Fatimah Al-Shahrani
Supervisory team: Professor Minoli Salgado and Dr. Blanka Grzegorczyk
Thesis title: Trauma and Identity in Selected Work by Arab-American Women Writers Before and After 9/11
In my thesis I explore the evolving representation of womanhood and trauma in Arab- American women’s literature, with a particular focus on the shifting portrayals before and after the tragic events of 9/11. Through a comparative framework, the study examines how narratives of female identity transform across these temporal contexts, paying special attention to the intersections of gender, race, and trauma. Central to this inquiry is the representation of multiracial women who experience rejection both within Arab-American communities and in the broader American racial discourse.
Jack Bartley
Supervisory team: Dr. Matthew Carter, Prof. Minoli Salgado, Dr. Beccy Kennedy-Schtyk
Thesis title: “A Spirited Celebration and a Tearful Catharsis”: Representations of Korean Indigenous Religious Practices and Folklore as Processors of Colonial Trauma
My doctoral thesis interrogates depictions of Korean indigenous religious practices and folklore in popular culture as symptomatic of self-policing and processing societal trauma following colonial rule. I approach this by analysing various representations of mudang and the gumiho through an interdisciplinary theoretical framework of postcolonial, trauma, and feminist film theories. By using this hybrid methodology of Western and Eastern perspectives, a timeline of trauma response can be unearthed in Korea’s collective cultural memory.
Devjani Bodepudi
Supervisory team: Dr Sarah Ilott, Dr Muzna Rahman, Dr Malika Booker
Thesis title: The Ghosts are Watching from the Banyan Tree: Seeking Self, Solace and Transformation through Ecological Narratives and Landscapes of Bengali Folklore and Mythology.

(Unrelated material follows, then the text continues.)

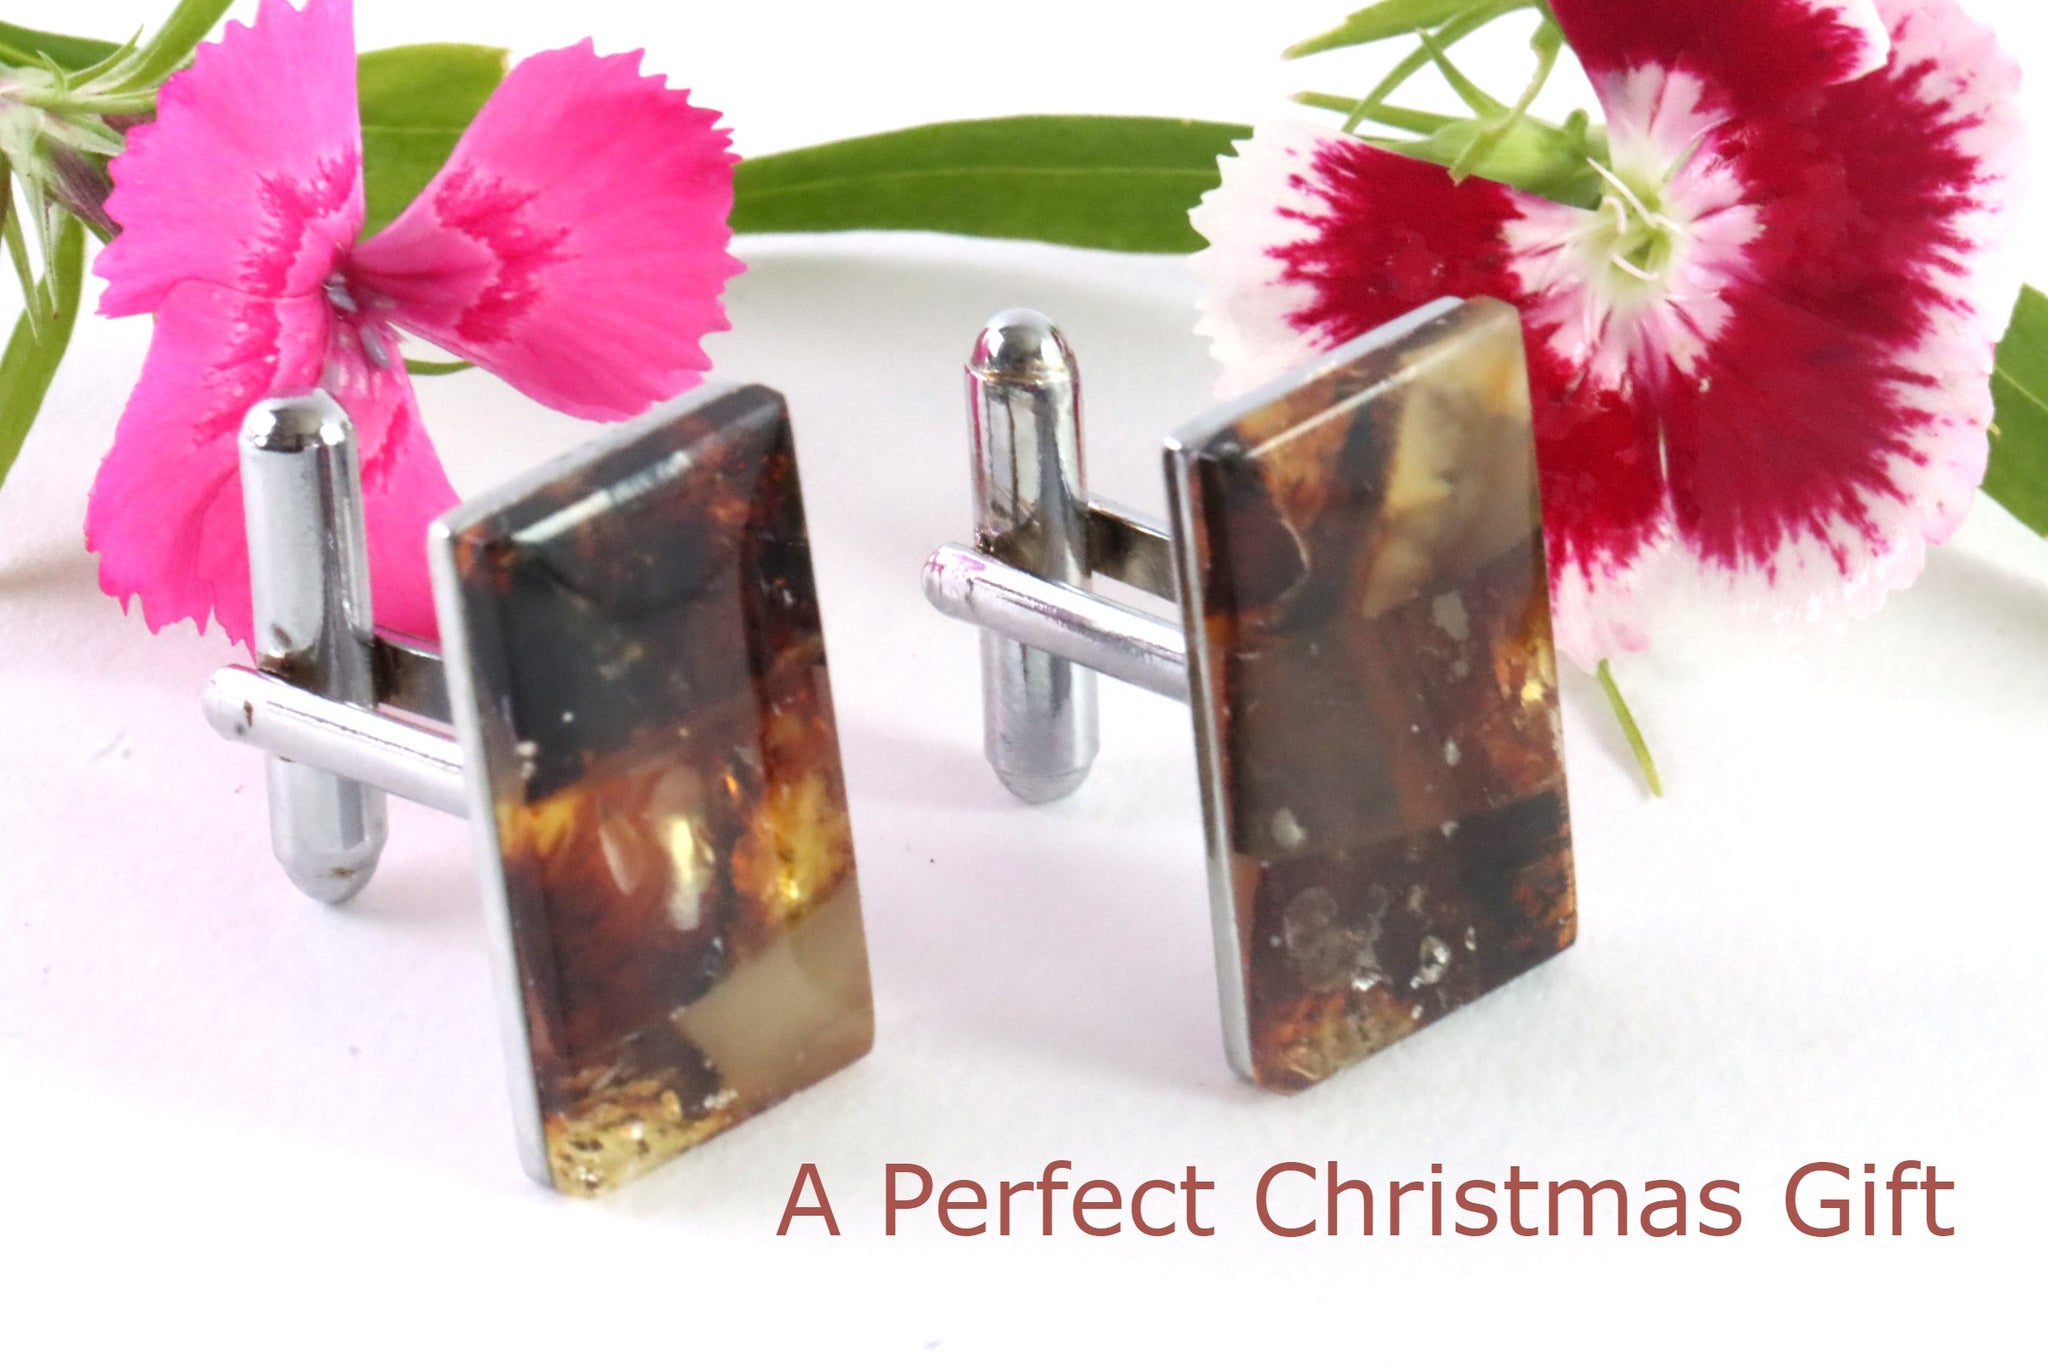 Exclusive Baltic Amber cuff links.

I’m researching the significance of the ecology found within Bengali folktales and Indic mythic traditions to create my own novel in verse in order to investigate grief and loss through mixing languages and narratives.
Brontë Crawford
Supervisory Team: Dr Sarah Ilott and Dr Muzna Rahman
Thesis Title: Feed the World: Food and Appetite in the Literature of Empire
My doctoral dissertation explores how contemporary authors use irrealist modes of writing to explore food can both perpetuate and resist colonial power. Adopting a world-systems approach to my literary analysis, I track particular commodity chains throughout the works of Sayaka Murata, Han Kang, and K-Ming Chang, identifying how these stories draw on the historic significance of certain foods to articulate the complex and haunting legacies of colonial power and trade.
Sumithreyi Sivapalan
Supervisory team: Prof Minoli Salgado and Dr Malika Booker
Thesis title: Borders and Belonging: exploring ‘home’ through the persona poetry of Sri Lankan women.

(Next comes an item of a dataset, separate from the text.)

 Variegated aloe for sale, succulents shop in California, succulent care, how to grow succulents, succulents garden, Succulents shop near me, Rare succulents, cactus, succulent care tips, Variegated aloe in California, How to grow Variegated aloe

My creative-critical thesis explores how the persona poem, with its distinct voice and idiosyncratic materiality, is an apt vehicle to examine the various forms in which the longing for home manifests itself. Specifically, it addresses the diverse avenues taken in an attempt to fulfil or pacify this yearning which, especially in the Sri Lankan civil war and post-war context, affects residents and migrants alike.